**Work order**
Images are to be dropped; everything else in the entries below must be copied exactly.

----

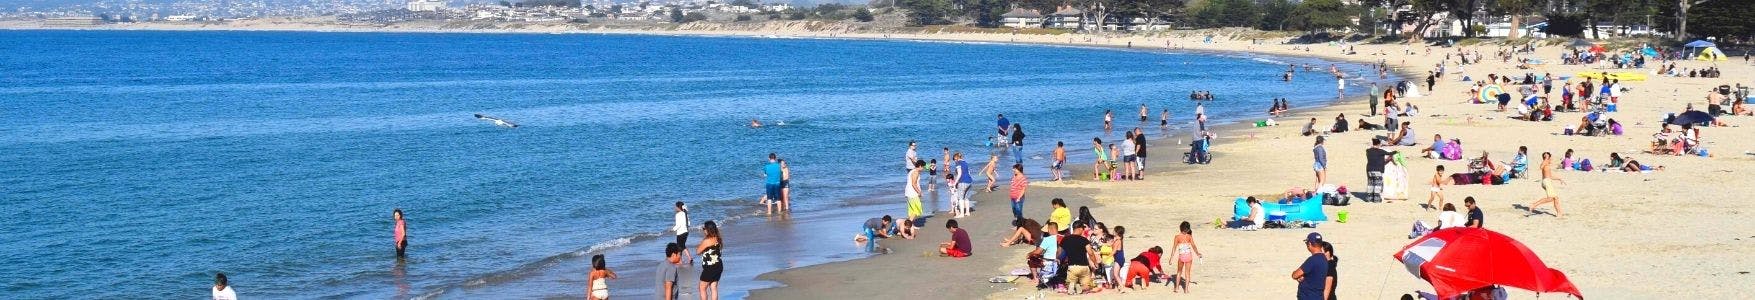 People enjoying Monterey State Beach
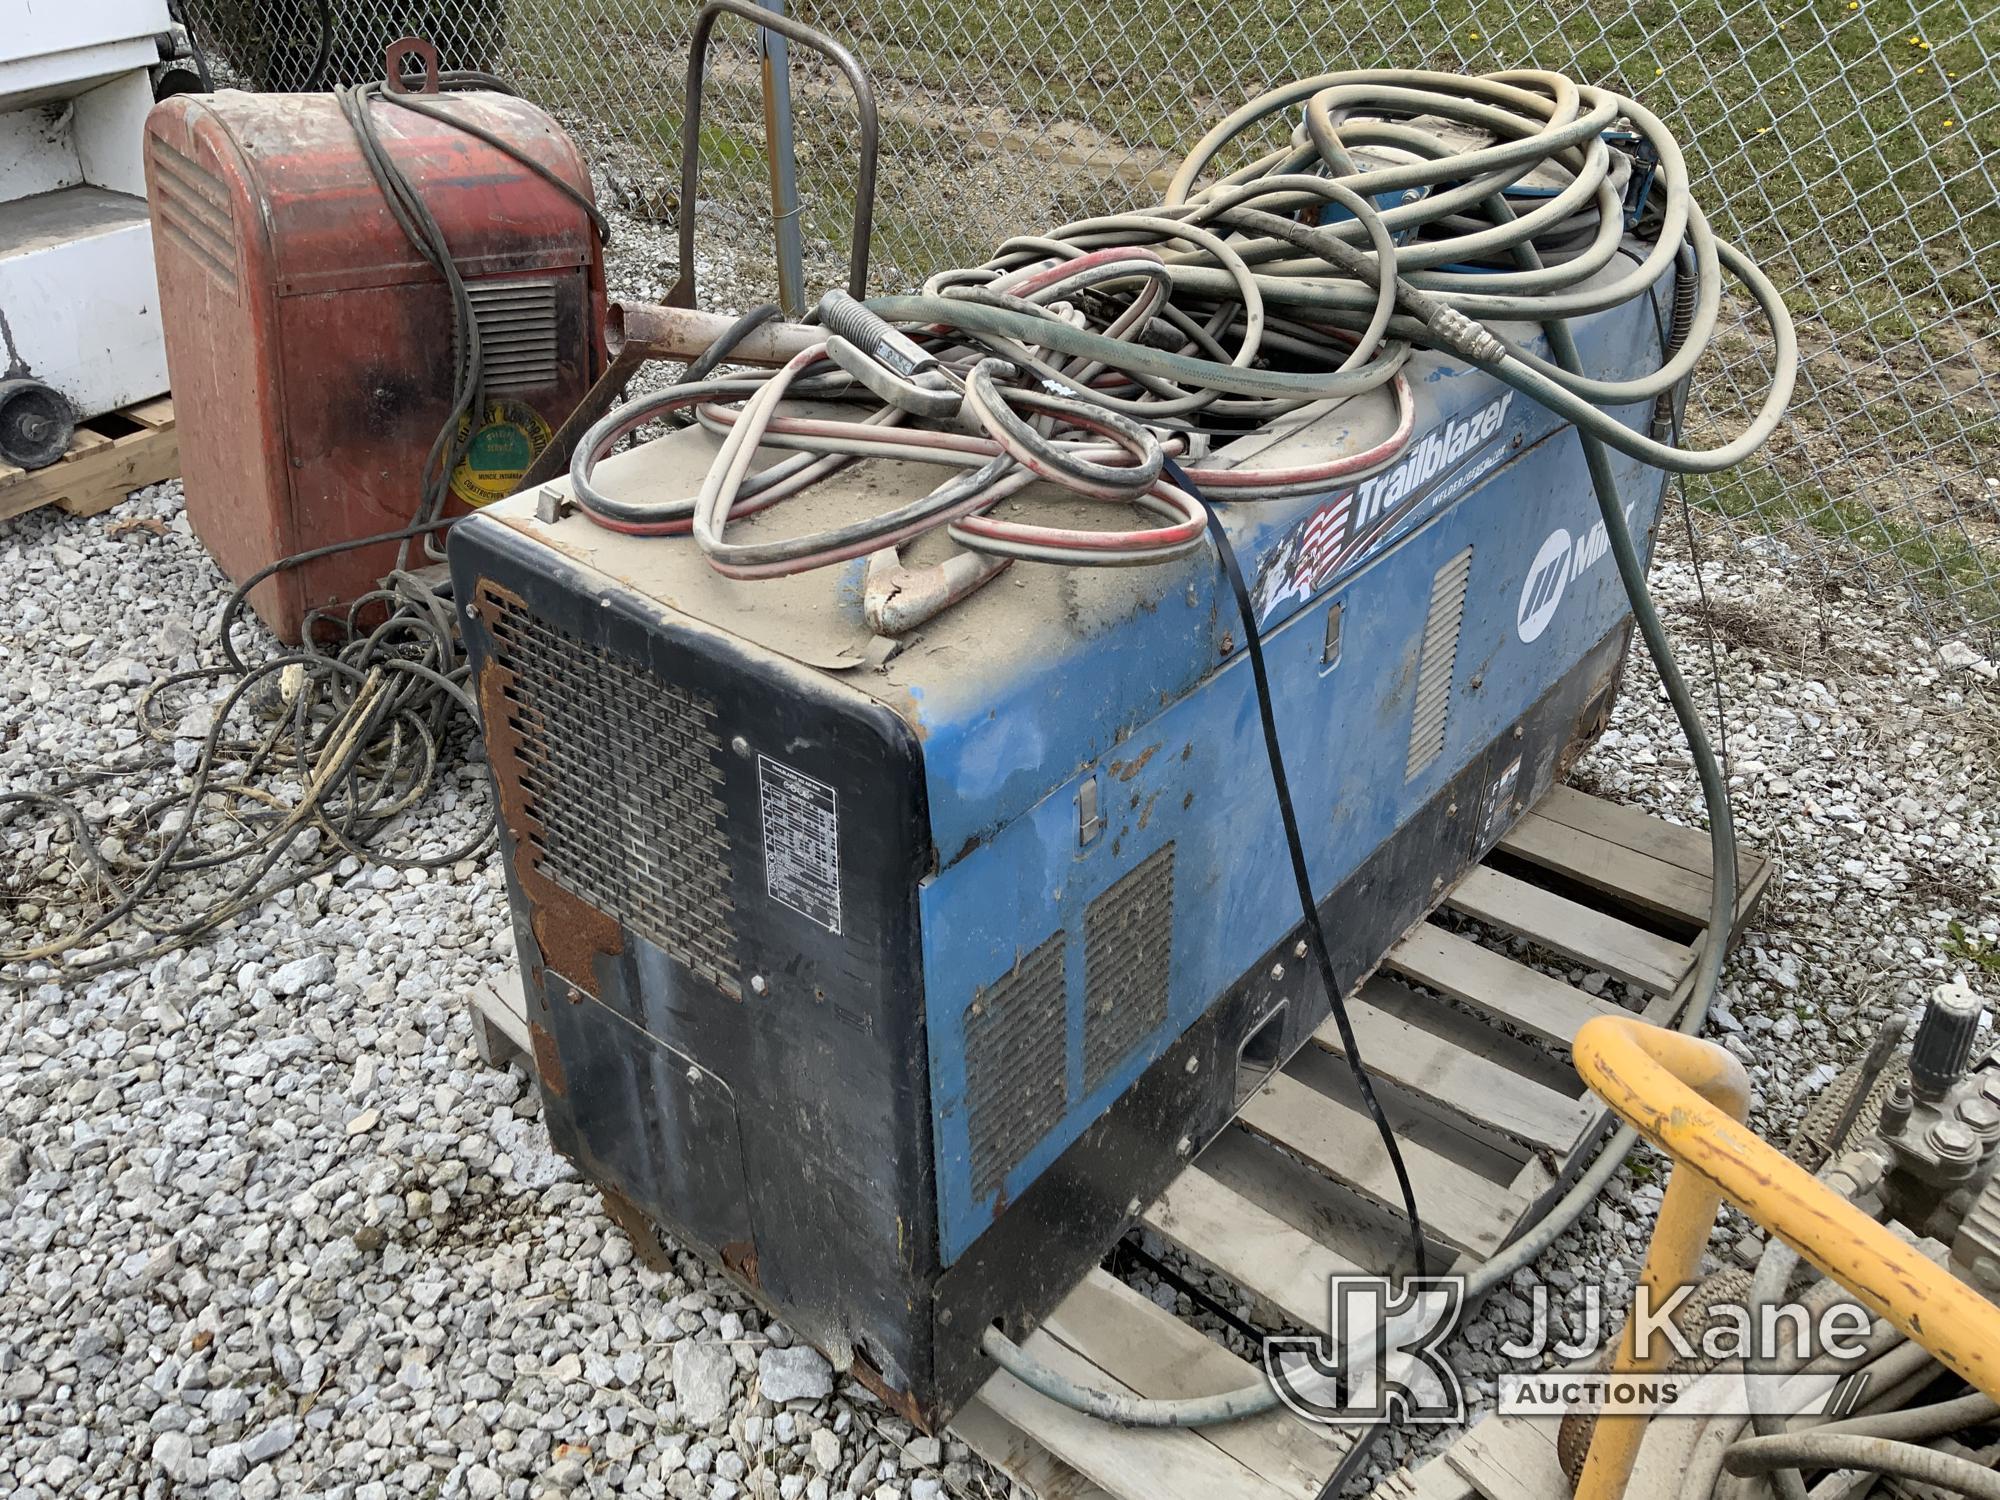 (Fort Wayne, IN) Miller Trailblazer 302 Air Pak Welder/Generator Condition Unknown
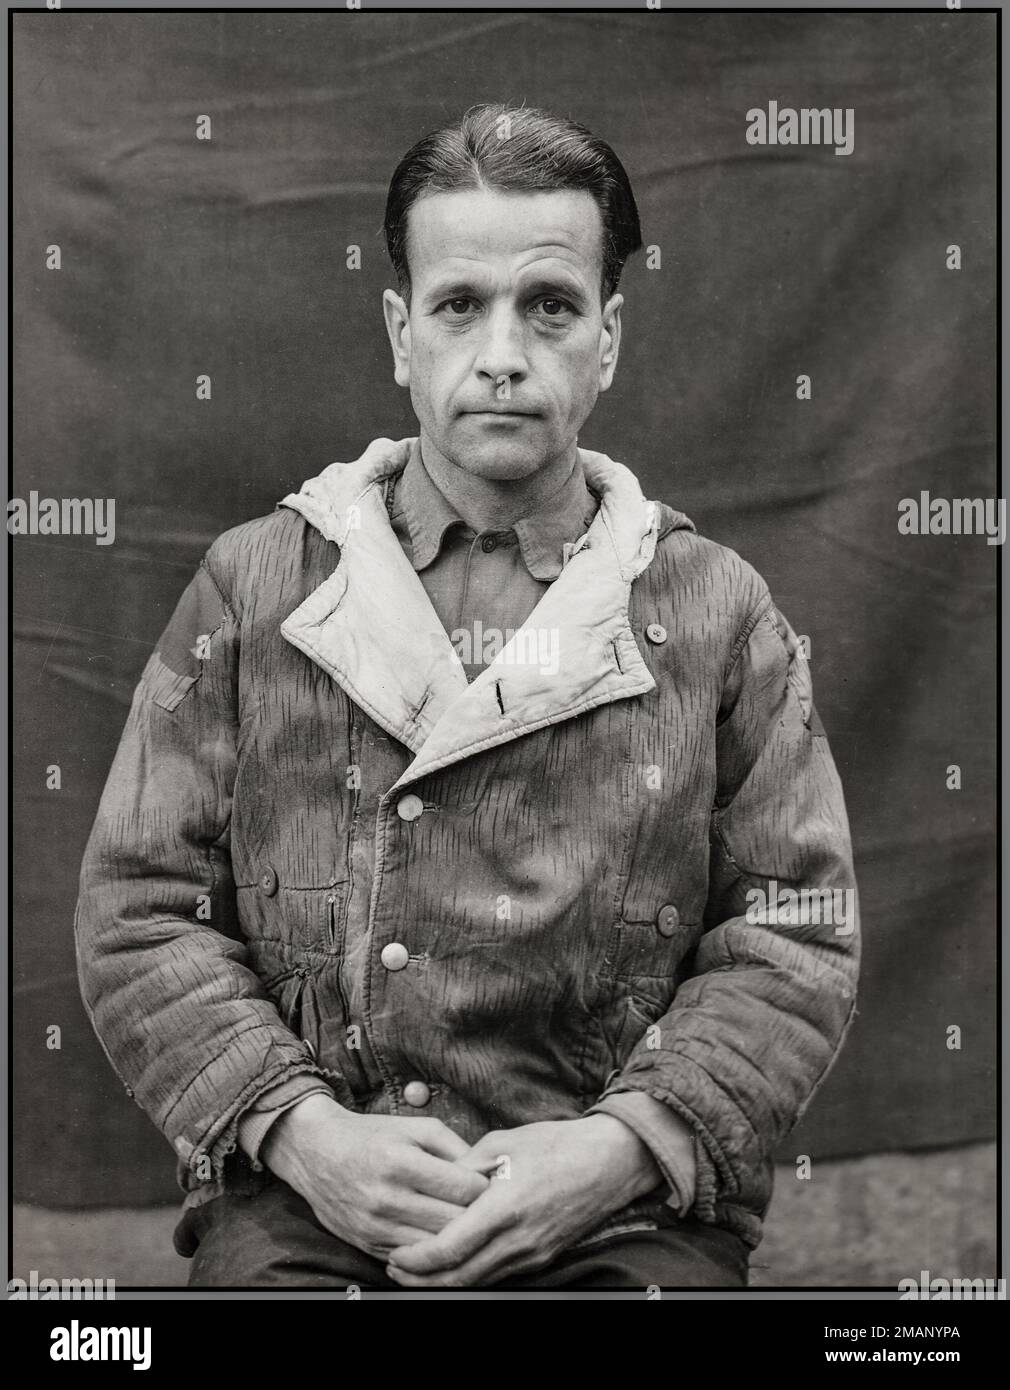 Nazi Waldemar Hoven (Nazi Waldemar Hoven, 10 febbraio 1903 – 2 giugno 1948) è stato un . Hoven è stato arrestato alla fine della seconda guerra mondiale dagli alleati e messo in giudizio come imputato al processo dei Medici, uno dei processi di Norimberga. È stato giudicato colpevole di crimini di guerra, crimini contro l'umanità e appartenenza a un'organizzazione criminale. È stato condannato a morte e impiccato il 2 giugno 1948 nella prigione di Landsberg in Baviera. Foto Stock
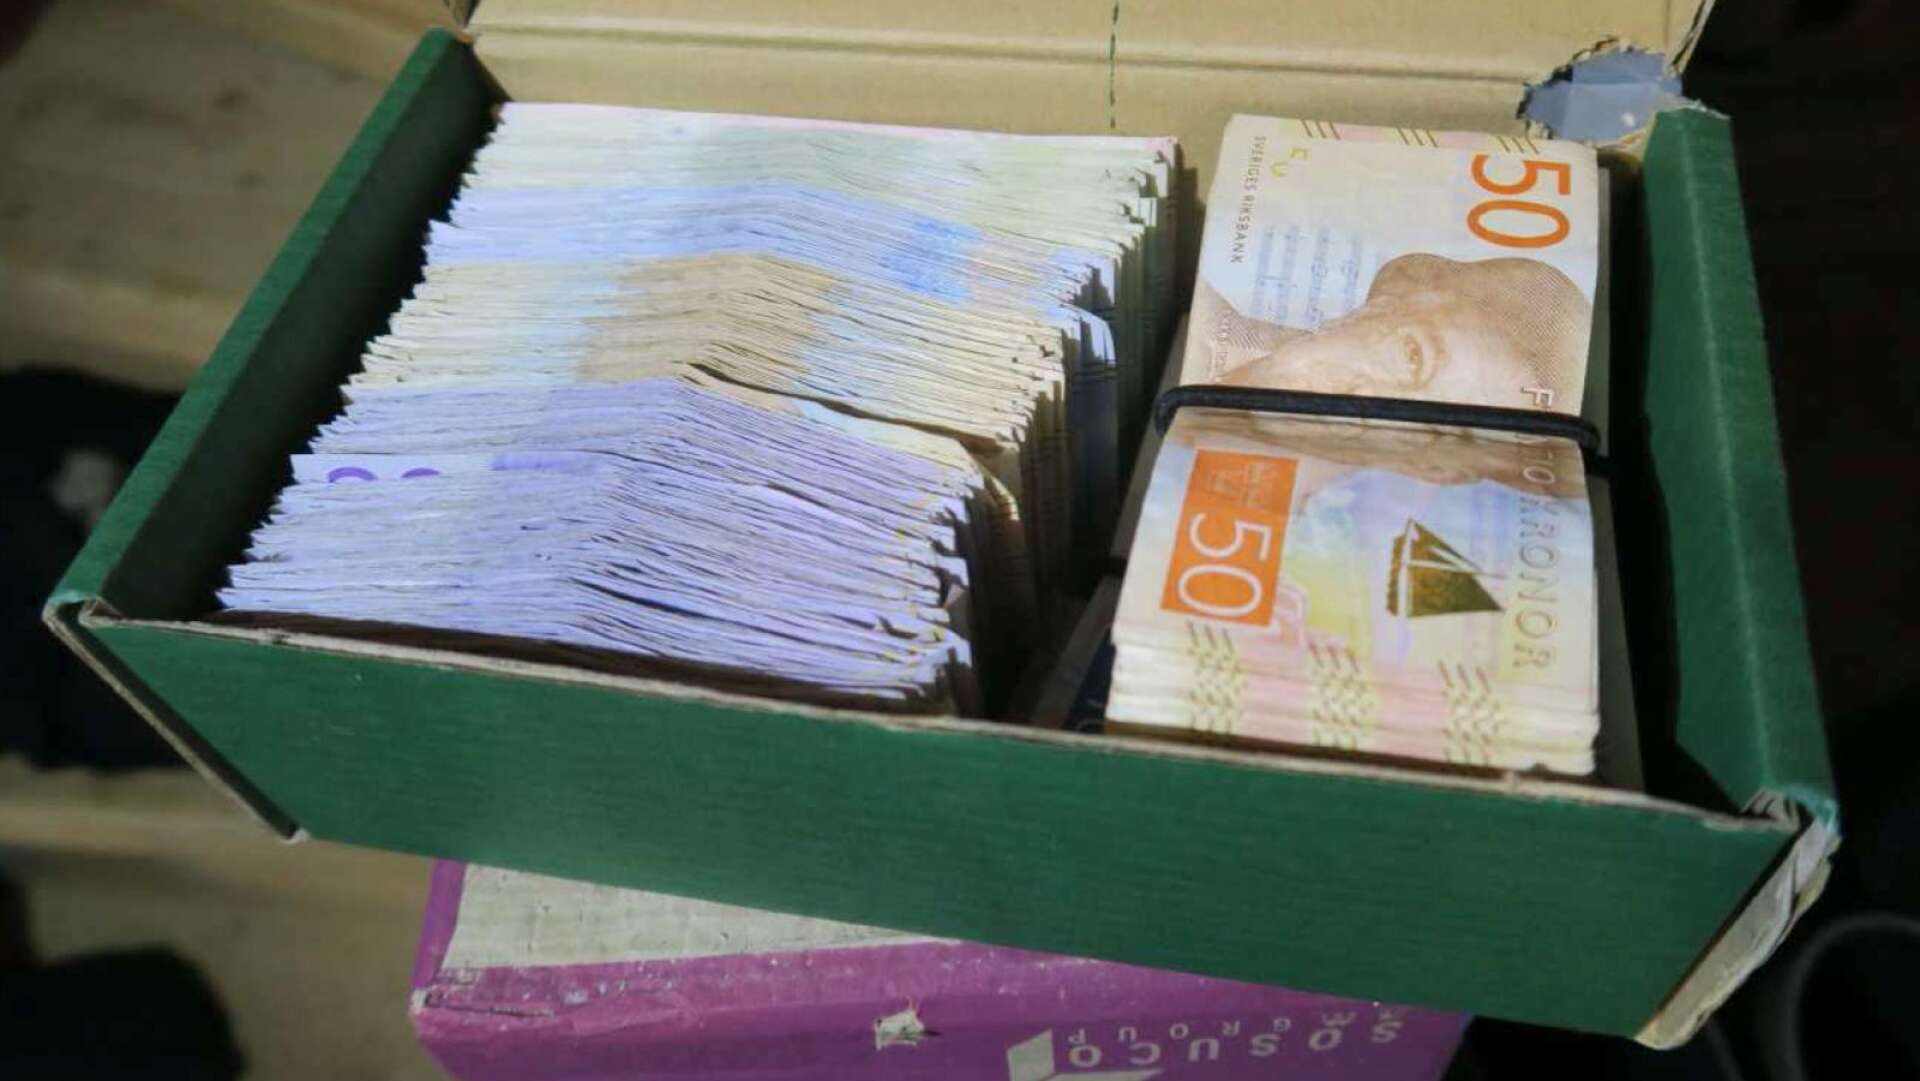 Vid husrannsakan hittade polisen 117 980 kronor. Mannen säger att pengarna kommer från olika försäljningar.
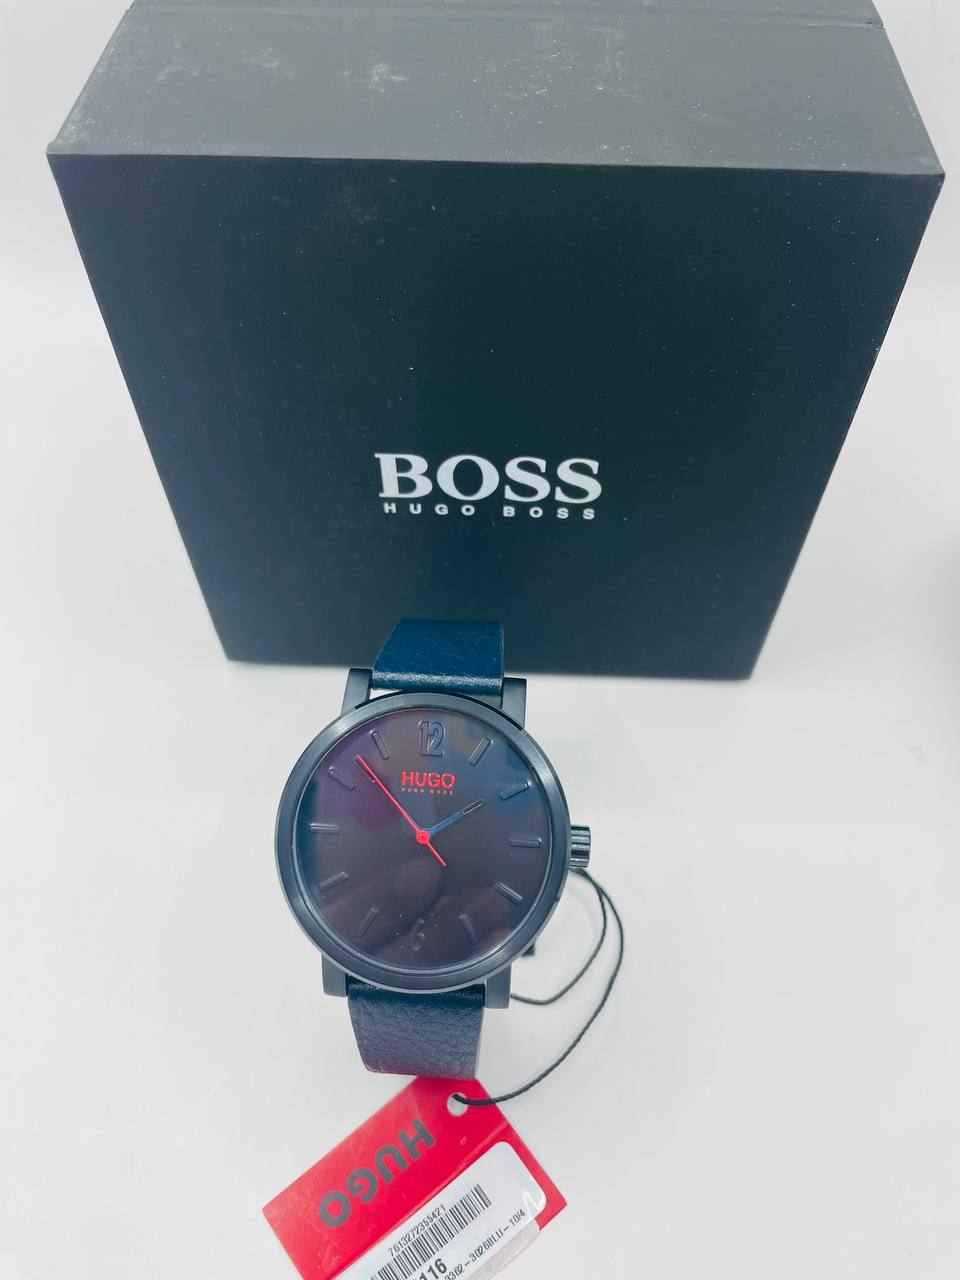 Boss watch

----

**Solution for this exercise**
 People enjoying Monterey State Beach
 (Fort Wayne, IN) Miller Trailblazer 302 Air Pak Welder/Generator Condition Unknown
 Nazi Waldemar Hoven (Nazi Waldemar Hoven, 10 febbraio 1903 – 2 giugno 1948) è stato un . Hoven è stato arrestato alla fine della seconda guerra mondiale dagli alleati e messo in giudizio come imputato al processo dei Medici, uno dei processi di Norimberga. È stato giudicato colpevole di crimini di guerra, crimini contro l'umanità e appartenenza a un'organizzazione criminale. È stato condannato a morte e impiccato il 2 giugno 1948 nella prigione di Landsberg in Baviera. Foto Stock
 Vid husrannsakan hittade polisen 117 980 kronor. Mannen säger att pengarna kommer från olika försäljningar.
 Boss watch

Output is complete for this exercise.